→ **Provided entries**:

- - -

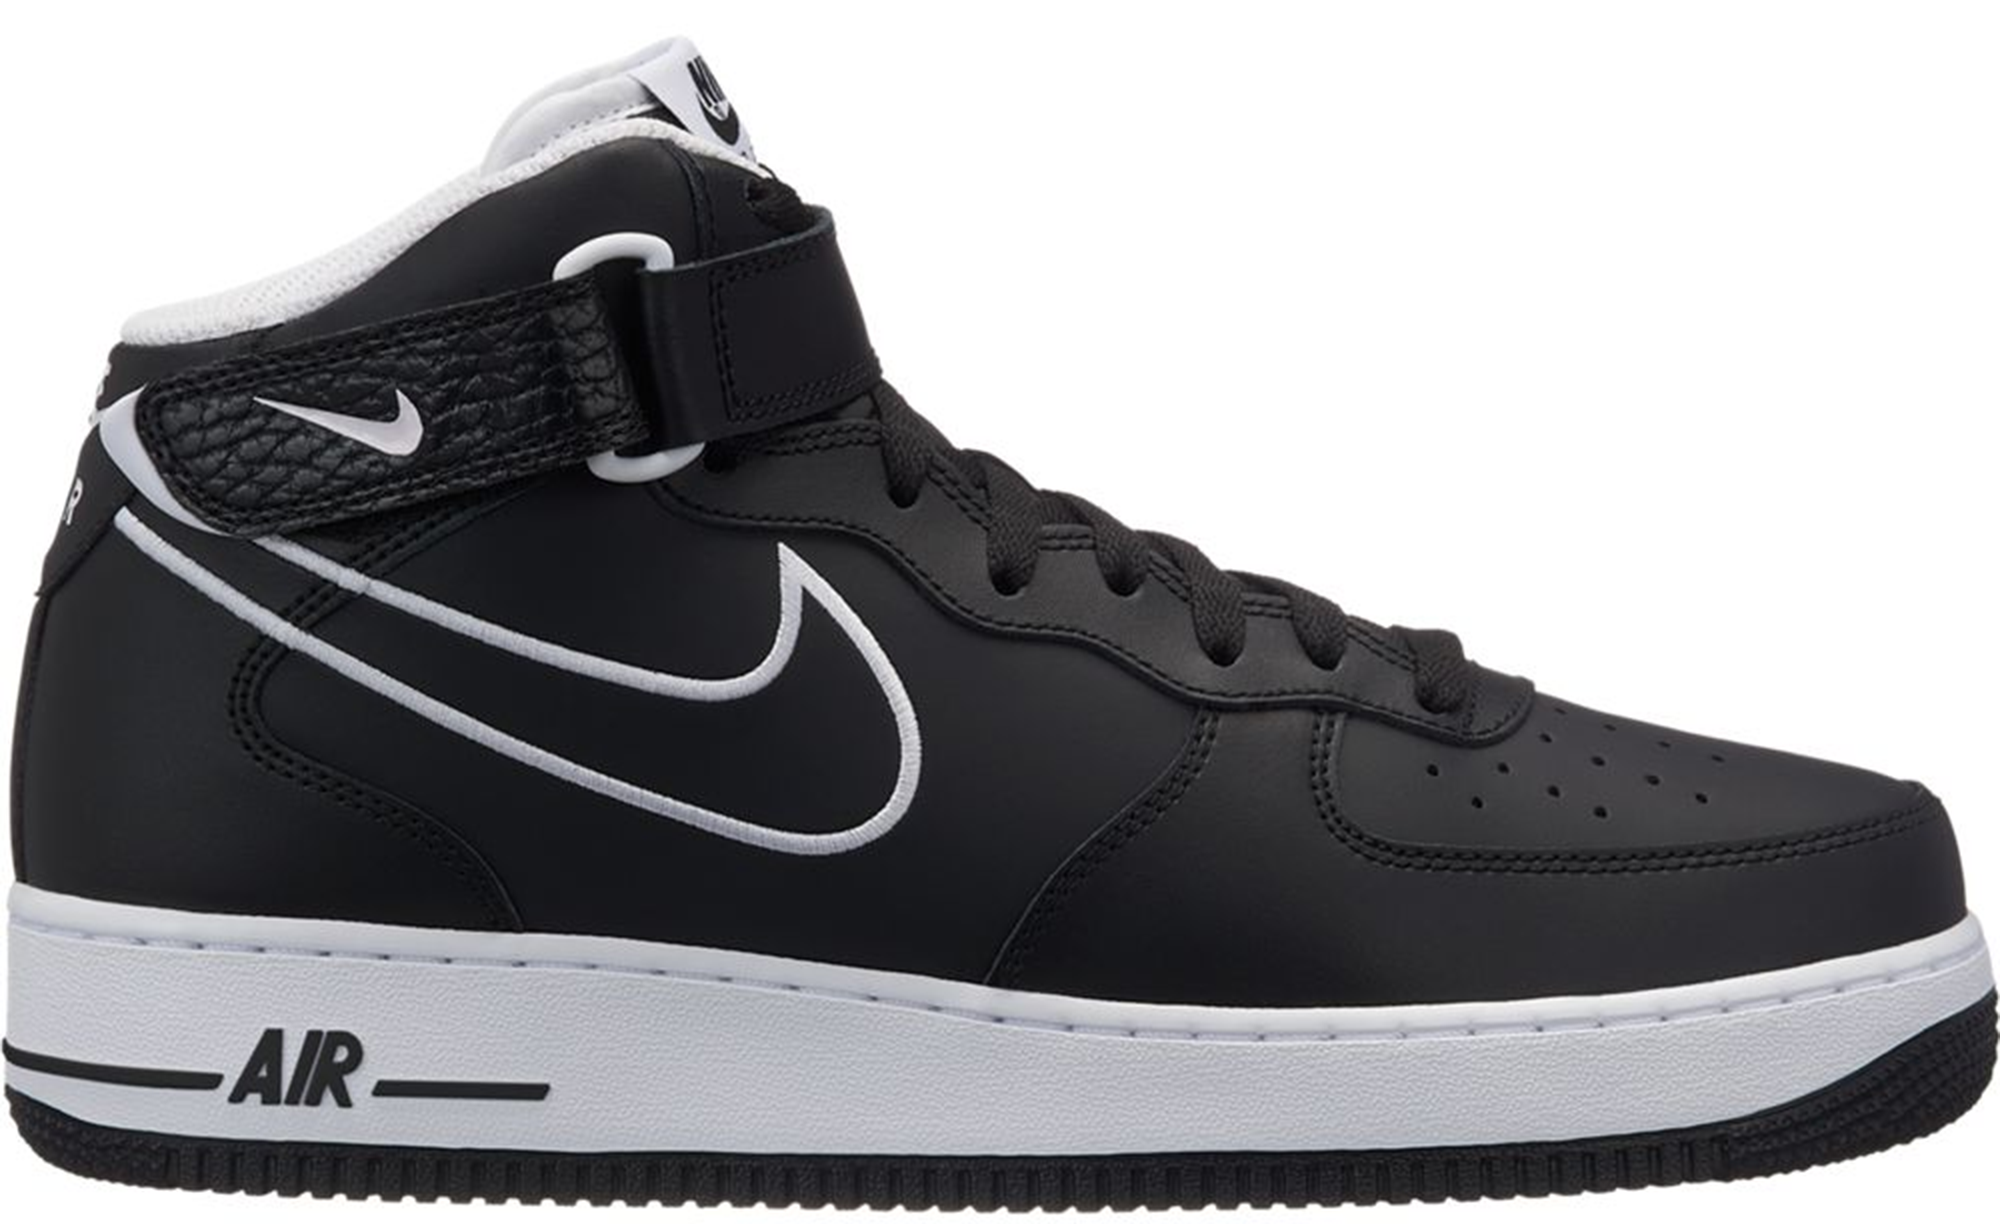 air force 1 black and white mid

- - -

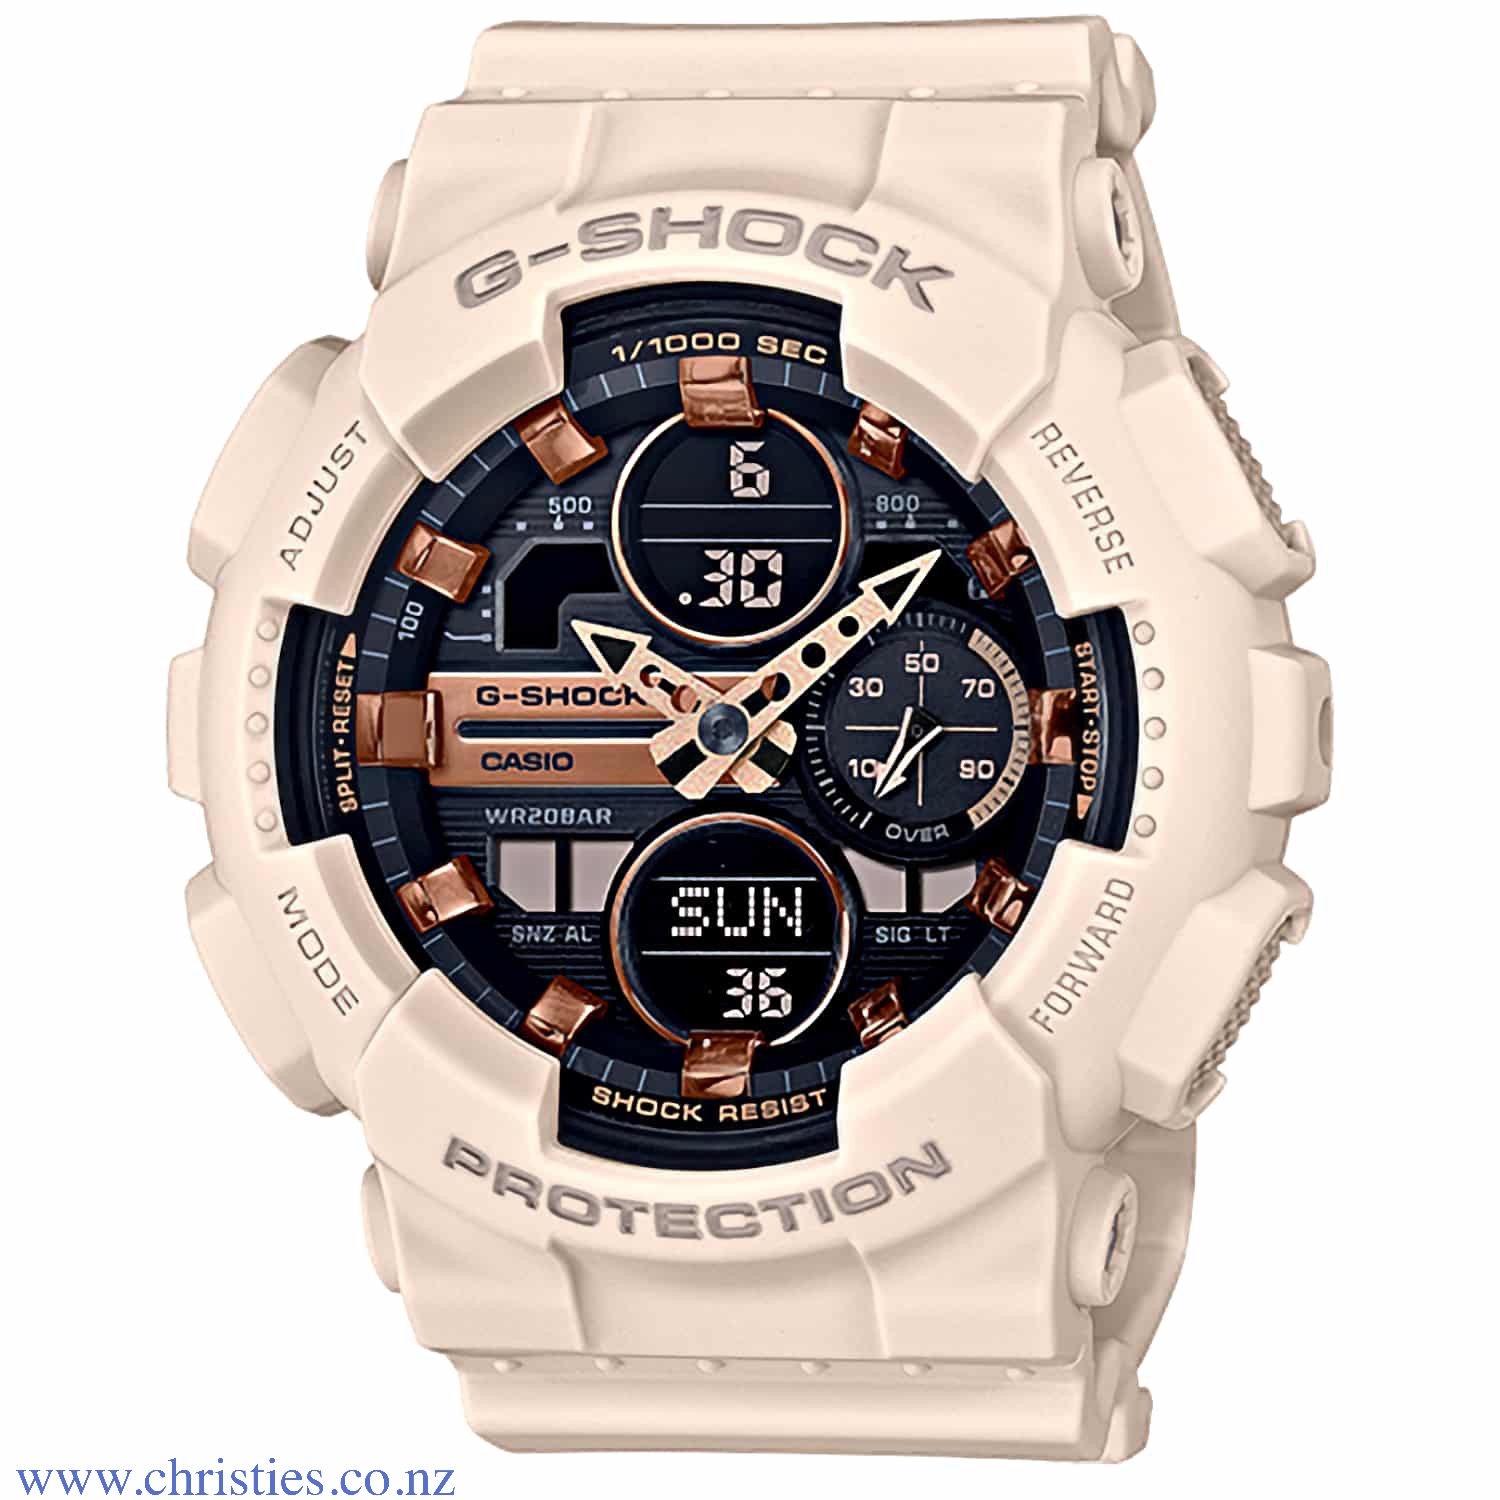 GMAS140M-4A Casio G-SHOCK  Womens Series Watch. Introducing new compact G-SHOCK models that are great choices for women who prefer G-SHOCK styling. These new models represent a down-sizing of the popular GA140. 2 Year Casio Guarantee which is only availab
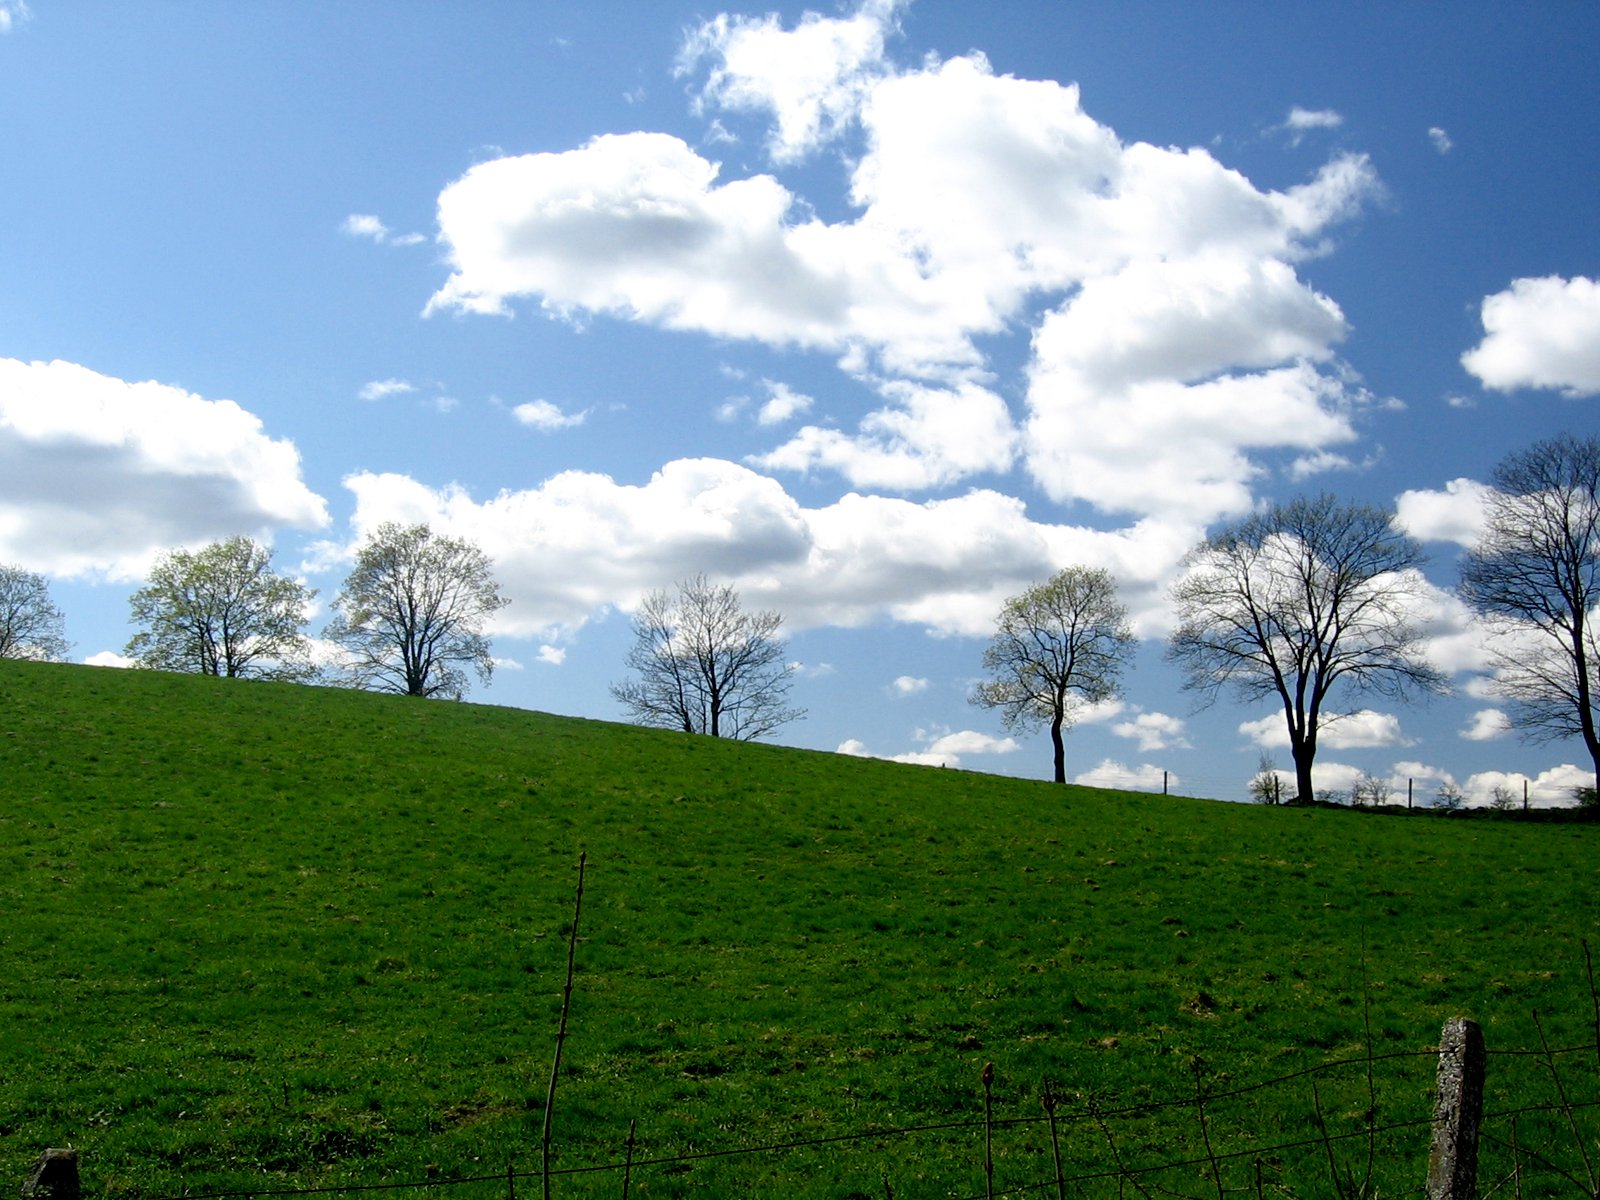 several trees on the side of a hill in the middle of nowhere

- - -

→ **Task objective**:
The result should be an exact copy of only the lines above from the one that holds "GMAS140M-4A Casio G-SHOCK" through the one that holds "several trees on", both ends included, without pictures.

→ **Solution to this problem**:
 GMAS140M-4A Casio G-SHOCK  Womens Series Watch. Introducing new compact G-SHOCK models that are great choices for women who prefer G-SHOCK styling. These new models represent a down-sizing of the popular GA140. 2 Year Casio Guarantee which is only availab
 several trees on the side of a hill in the middle of nowhere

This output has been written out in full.